Santa is going to make his rounds this year, but instead of down the chimney, the gifts are coming via e-commerce delivery — and don’t look for lots of high-priced fashions under the tree.
The National Retail Federation released its much-watched holiday forecast Monday, predicting overall sales this season would grow between 3.6 percent and 5.2 percent to a range of $755.3 billion to $766.7 billion.
But all of that growth — which tops the five-year average of 3.5 percent — is coming from the web as people continue to shy away from stores amid the coronavirus pandemic.
Nonstore sales, dominated by the web, are expected to increase between 20 percent and 30 percent, for a total haul of $202.5 billion to $218.4 billion.
Without the web, brick-and-mortar sales are seen falling 1.4 percent to 2.2 percent.
A separate outlook from Customer Growth Partners was even more bullish overall, seeing a 5.8 percent gain, but weakness in apparel-related categories with less costly “comfy and casual” styles ruling the work from home world.
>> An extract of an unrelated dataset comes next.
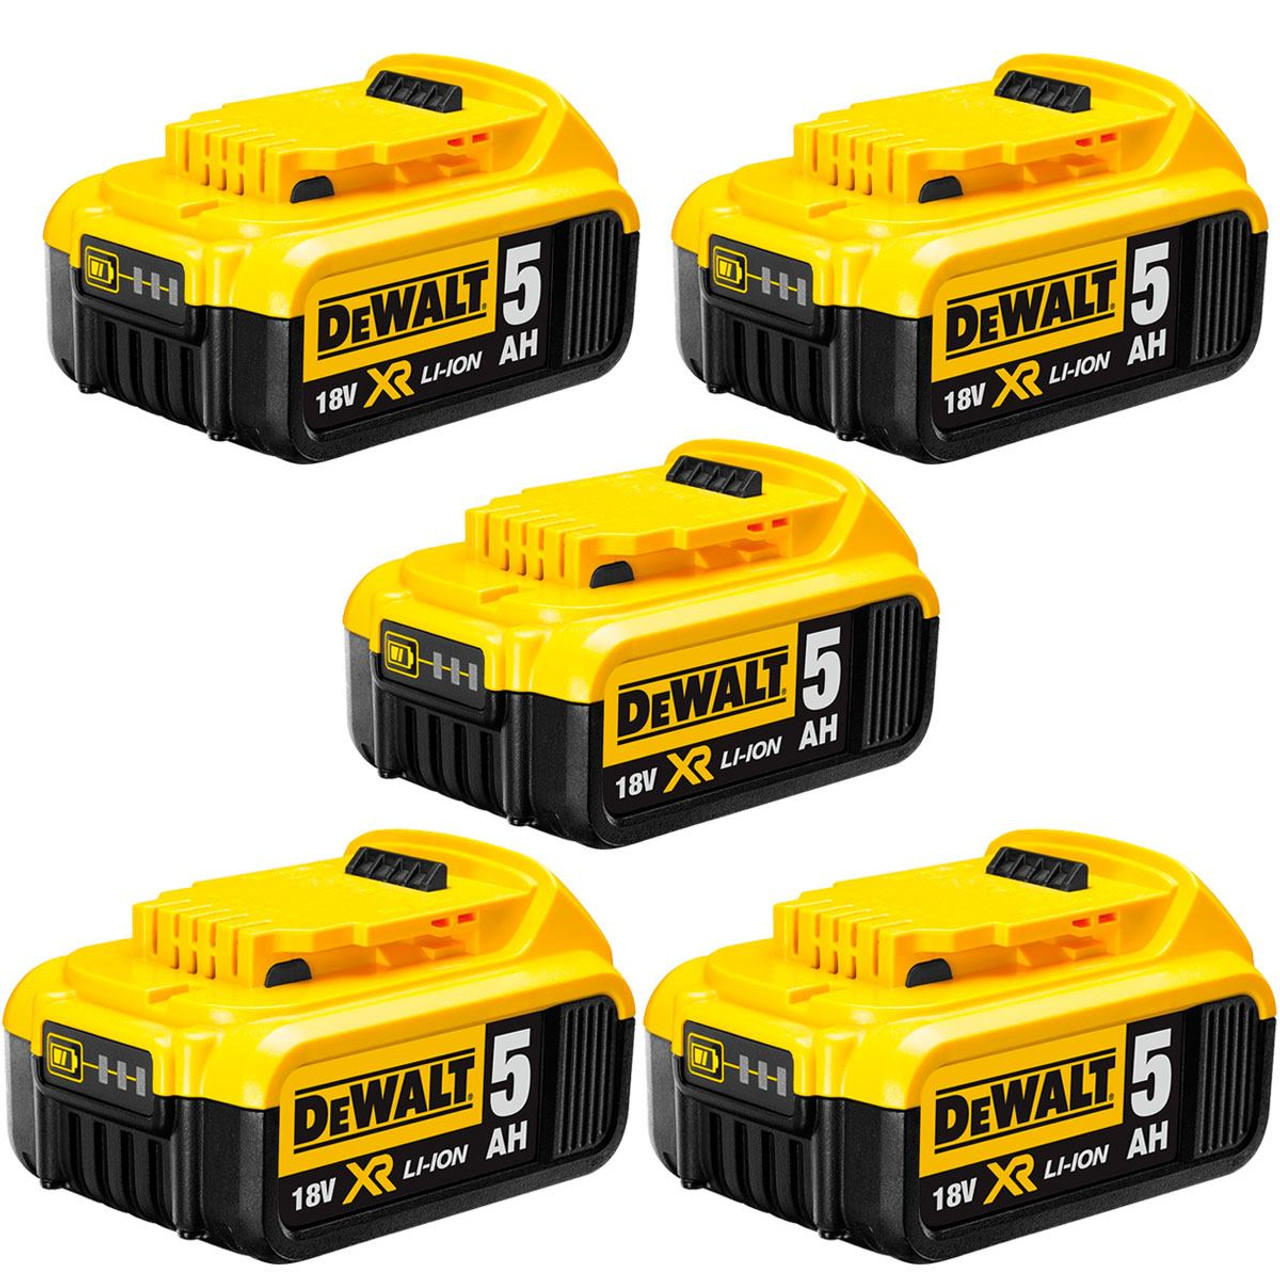 DeWalt DCB184 18v 5ah battery

The Customer Growth Partners’ crystal ball has apparel specialty store sales falling 13.5 percent while department stores will drop 11 percent. The categories perking up include home improvement (up 8.9 percent), sporting goods/toys (8.5 percent), consumer electronics (8.1 percent) and food and beverage (3.5 percent).
There are also concerns all around about just how long the spending will continue into the New Year as consumers hunker down for the winter and try to wait out the pandemic without the motivations of the holiday season.
The NRF forecast, which covers all of retail outside of automobiles, gasoline and restaurants, comes a month late this year given myriad uncertainties for both retailers and consumers — from rules on which stores can stay open where to when and if additional fiscal stimulus will be coming to shoppers from Washington.
Matthew Shay, president and chief executive officer of the NRF, told reporters on a conference call on Monday that this would be “a holiday season like no other,” but that retailers are prepared to operate safely in the pandemic, in many cases exceeding local regulations.
Shay noted that consumers have responded “very positively” to holidays during the pandemic — from Mother’s Day to the Fourth of July — with many looking for “opportunities to celebrate.”
He also reiterated his pitch to keep stores open through the pandemic, with the appropriate safety measures and pointed to the mammoth retail workforce.
“Those 52 million jobs, they’re all essential,” Shay said.
The NRF’s projection factors in both psychological and economic foundations that should support growth, but also comes with a big COVID-19 caveat.
Jack Kleinhenz, the trade group’s chief economist, made the case for why consumer will keep spending.
He pointed to the record savings; less spending on travel, dining and entertainment; the wealth effect from rising home prices; lower debt loads; cooler weather in the north, and a general desire to make up for a bad year.
“We owe it to our family to have a better than normal holiday season,” Kleinhenz said, summing up the attitude of at least some consumers.
And there’s light at the end of the tunnel. Kleinhenz pointed to optimism around the growing number of vaccines nearing approval.
But he also noted, “There’s a long shadow over many of the positive elements…that includes the surging virus and the expiring government support. This could pump the brakes on momentum and have a consequence to spending. We do believe that there is energy in spending throughout the end of the year. Rising cases could set the recovery into reverse.”
Customer Growth Partners also pointed to solid economic fundamentals, despite the epic pandemic recession and crushing unemployment that is clamping down on so many.
The group singled out solid disposable income, up 5.4 percent year-over-year; healthy household balance sheets; strong personal savings for many, and the renewed focus on goods over services during the pandemic.
“After the COVID-19 store closures crushed sales by 12 percent in April, traffic and sales have rebounded ever since, culminating in the most recent actual data from the six mega-retailers that account for almost 30 percent of all U.S. retail sales,” said Johnson, president of Customer Growth Partners. “The steep 18.5 percent jump in combined third-quarter sales of these retailers (Amazon, Costco, Home Depot, Lowe’s, Target, Walmart) shows that consumers are out and buying — like they haven’t been in over a year.”
Even if that does continue through the holidays, 2021 is still a question mark.
“The key question is how sustainable the growth will be going forward, given the remarkable strength of household finances — and the uncertain pace of COVID-19, particularly on employment growth,” Johnson said. “But if the economy can generate at least the current monthly rate of 660,000 new jobs — retail spending is poised to expand in 2021 at about a healthy 5-plus percent.”